── Data records
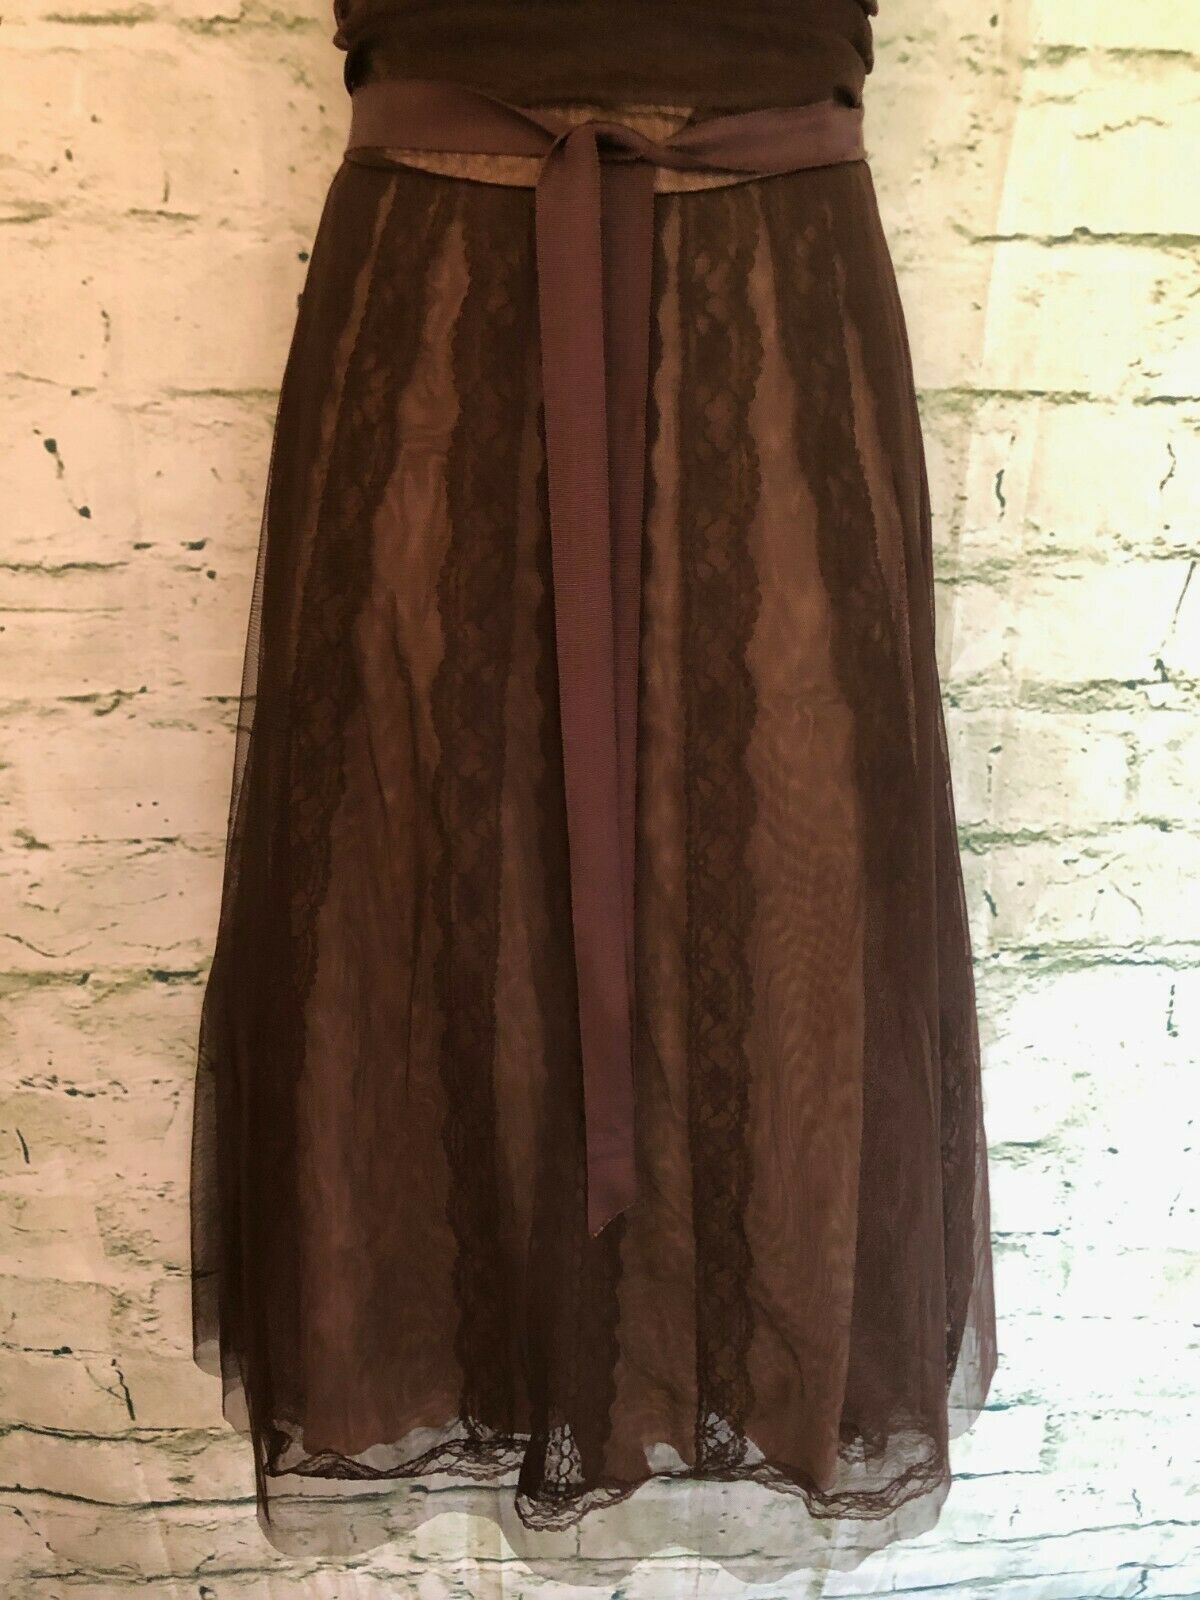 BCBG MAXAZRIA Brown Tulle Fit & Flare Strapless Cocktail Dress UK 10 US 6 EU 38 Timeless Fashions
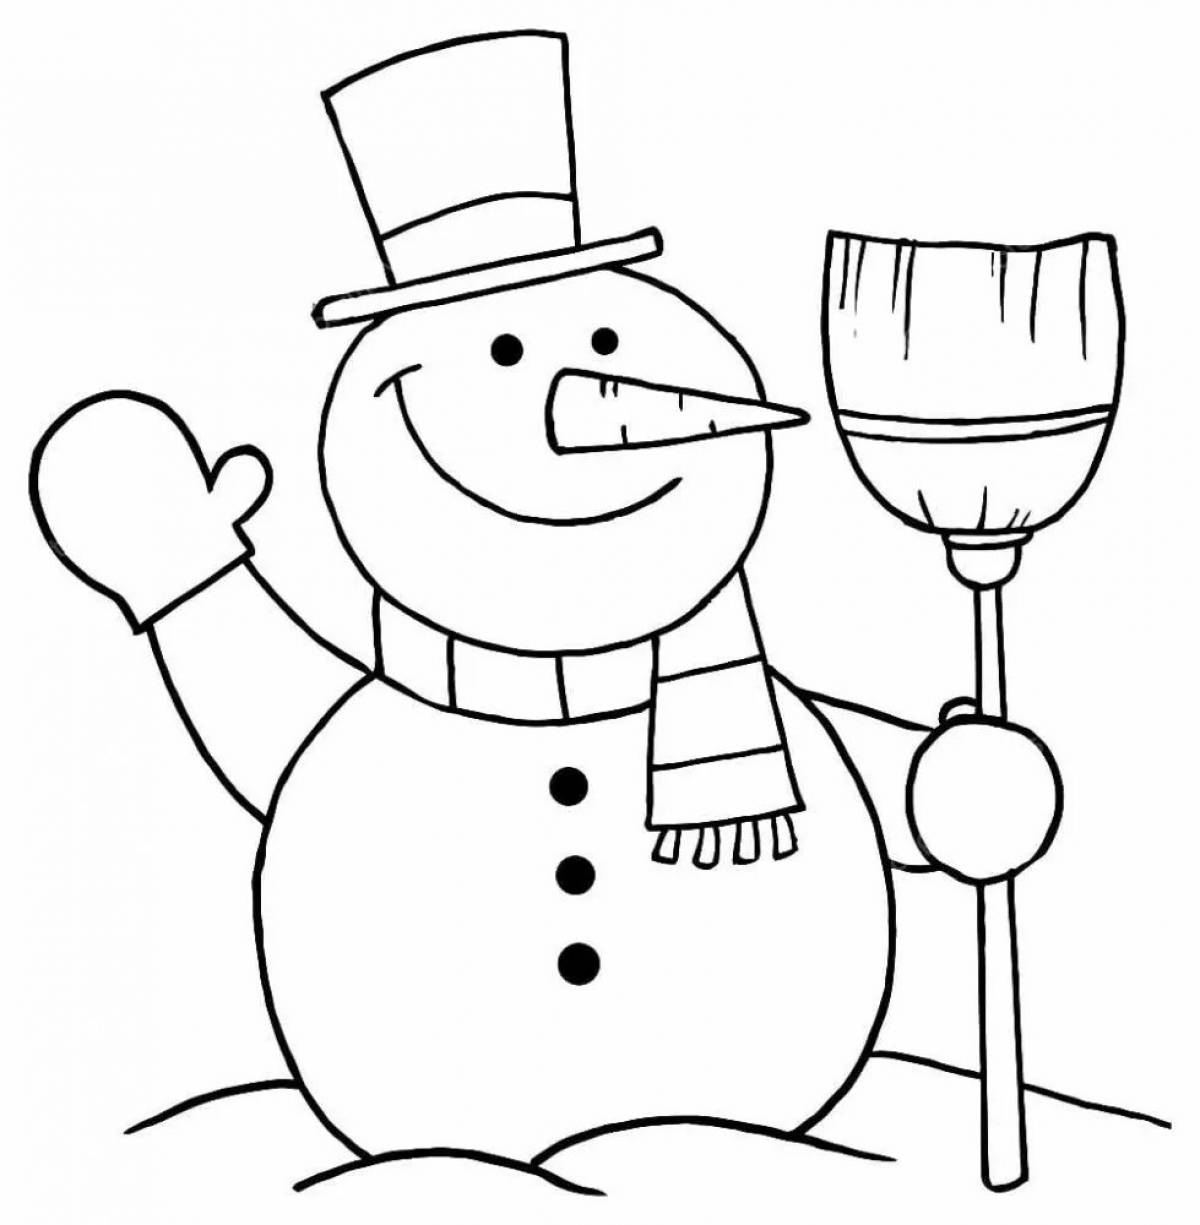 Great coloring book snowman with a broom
────
── Data records
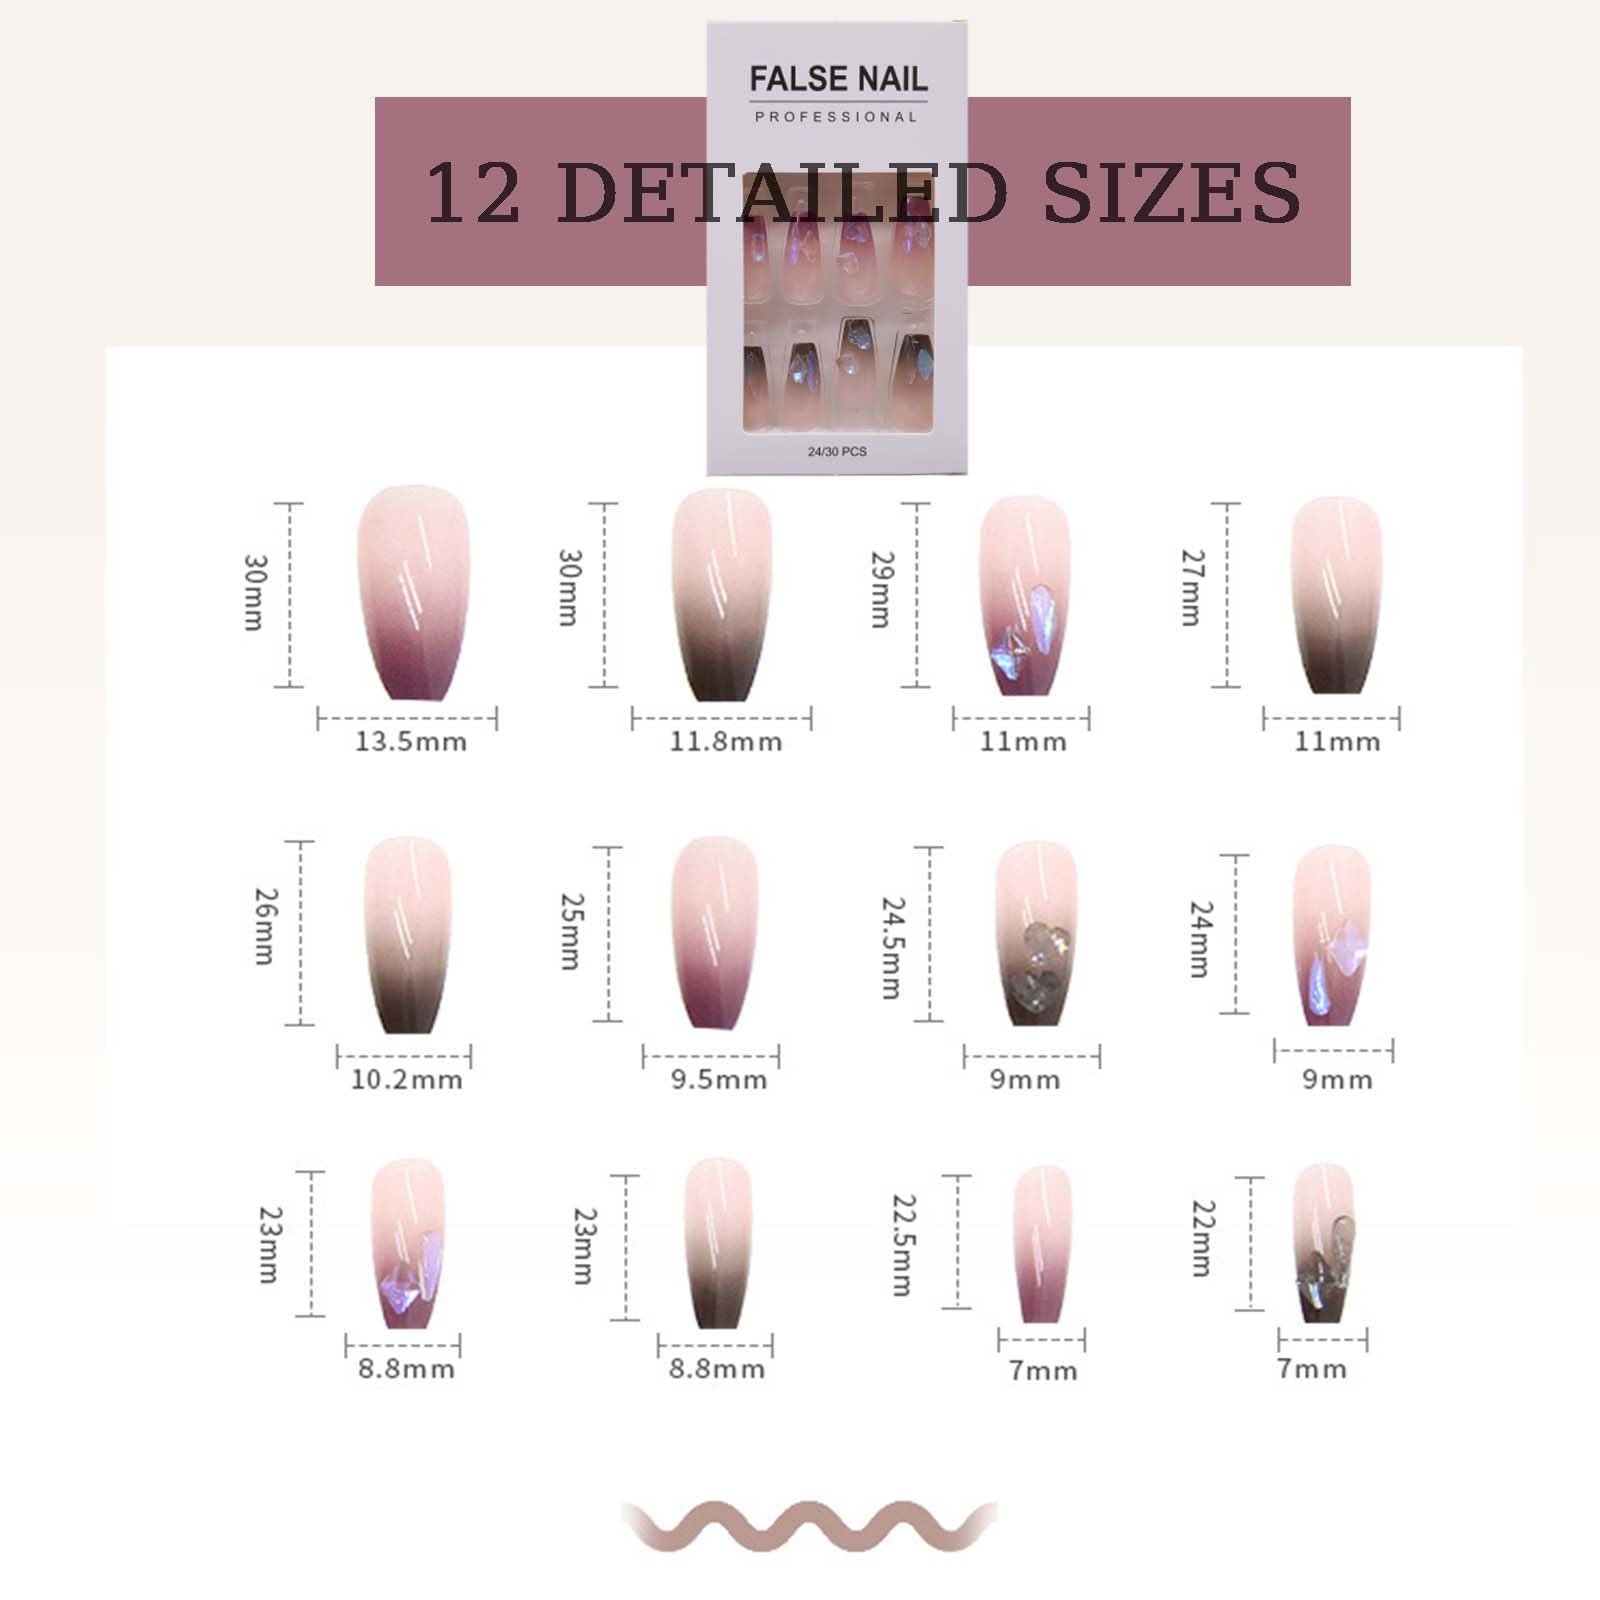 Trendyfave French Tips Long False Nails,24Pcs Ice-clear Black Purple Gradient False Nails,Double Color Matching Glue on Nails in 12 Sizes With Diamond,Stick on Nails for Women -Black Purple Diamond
────
▶ Required action: Starting at the line containing "BCBG MAXAZRIA Brown" and stopping at the line containing "Great coloring book snowman with a broom", output every line above exactly, both ends included, with pictures omitted.

▶ Written response:
 BCBG MAXAZRIA Brown Tulle Fit & Flare Strapless Cocktail Dress UK 10 US 6 EU 38 Timeless Fashions
 Great coloring book snowman with a broom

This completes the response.